Lorraine Gilbert : De la survivance urbaine
Accompagnez Lorraine Gilbert à la recherche de signes de vie dans l’environnement peu attrayant des plaines LeBreton.
La galerie Karsh-Masson abrite ces jours-ci l’exposition LeBreton Flats: Flora and Fauna, regroupant des images de l’artiste Lorraine Gilbert. Récipiendaire du prestigieux prix Karsh, remis par la Ville d’Ottawa à une oeuvre photographique exceptionnelle, elle marie sa fascination pour la photographie, la numérisation, la botanique et l’environnement. Telle une anthropologue, elle est attirée par les artefacts de l’activité humaine.
Quiconque habite la région connaît les plaines LeBreton, situées près du nouveau Musée canadien de la guerre. Le site n’est pas banal puisqu’il fait partie de l’histoire du territoire. Plus de 2000 résidences en bois des employés et patrons des scieries y ont été détruites par le grand feu de 1900, qui a brûlé plus de la moitié de Hull et une grande partie d’Ottawa-Ouest. Les employés ont ensuite reconstruit leurs habitations, mais tout le quartier a été exproprié dans les années 60. Résultat: les plaines sont abandonnées depuis plus de 40 ans, le sol, hautement contaminé par les industries et par l’utilisation subséquente du terrain comme dépôt de neiges usées par la Ville d’Ottawa. Des plans de réaménagement sont en cours, avec condos, musée, centres commerciaux, etc.
Que reste-t-il des plaines LeBreton?

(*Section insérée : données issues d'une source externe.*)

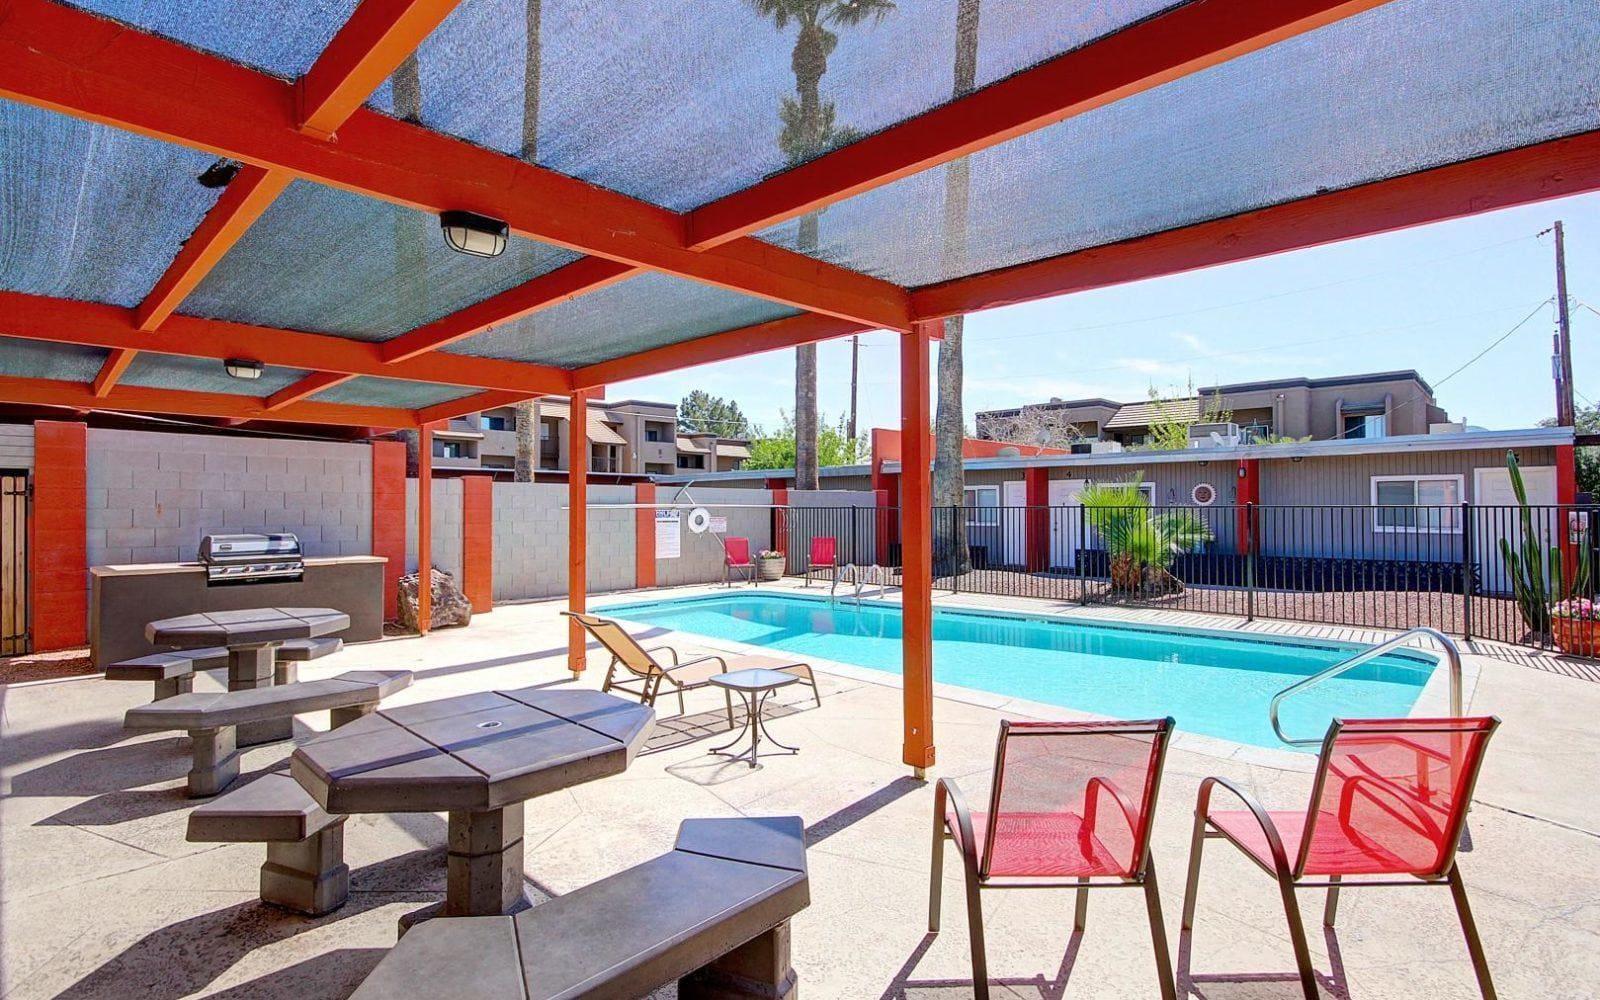 1717 W Missouri Ave #24, Phoenix, AZ - 1,150 USD/ month

Lorraine Gilbert arpente le terrain depuis de nombreuses années et documente son utilisation. Tantôt séduite par la beauté des plants sauvages trouvant refuge dans cet inhospitalier terreau, tantôt intriguée par les objets abandonnés par les passants, elle amasse les souvenirs: "Avec la photo, je capte tout ce que je veux. Ce moment est parti pour toujours", raconte l’artiste.
La première série de photos exposées s’intitule Fieldworks, LeBreton Flats, 2006. Une image de très grand format capte l’attention: sagement alignés, les nombreux plants sont délicatement disposés en une composition soignée. Les "mauvaises herbes" prennent toute la place qui leur revient: numérisées et ensuite agrandies pour révéler les moindres détails, les herbes et fleurs rayonnent. Que regarde-t-on? Les images d’une parfaite netteté et au fond d’un blanc immaculé semblent tout droit sorties d’une salle d’opération froide et aseptisée. Ces plantes offrent leur dernier souffle à notre regard indiscret.
Photographie murale de Lorraine Gilbert, 50 x 160 po, impression laser sur papier chromogène, laminé. |
La seconde série, Les Messagers, plaines LeBreton, 2006, répertorie les objets et détritus laissés par les adeptes du graffiti ayant déniché des structures d’aqueducs et des murets pour s’exprimer. Révélant les activités qui s’y sont déroulées et commentant également les causes sociales qui ont mené ces personnes à souiller les lieux qu’ils fréquentent avec les nombreuses cannettes et déchets, Lorraine Gilbert interroge les valeurs de notre société qui abandonne nature et jeunesse. Les images de cette série forment une randonnée en miniature: en effet, le terrain est photographié de très près et les nombreux clichés sont ensuite numériquement assemblés pour former une composition très définie d’un espace restreint, composé d’objets jonchant le sol. De la bouteille de bière au coupe-vent aux teintes pastel ayant fort probablement appartenu à une jeune fille, l’on se prend à imaginer un scénario: qui sont ces graffiteurs, que faisaient-ils là, pourquoi élire domicile dans un endroit si répugnant?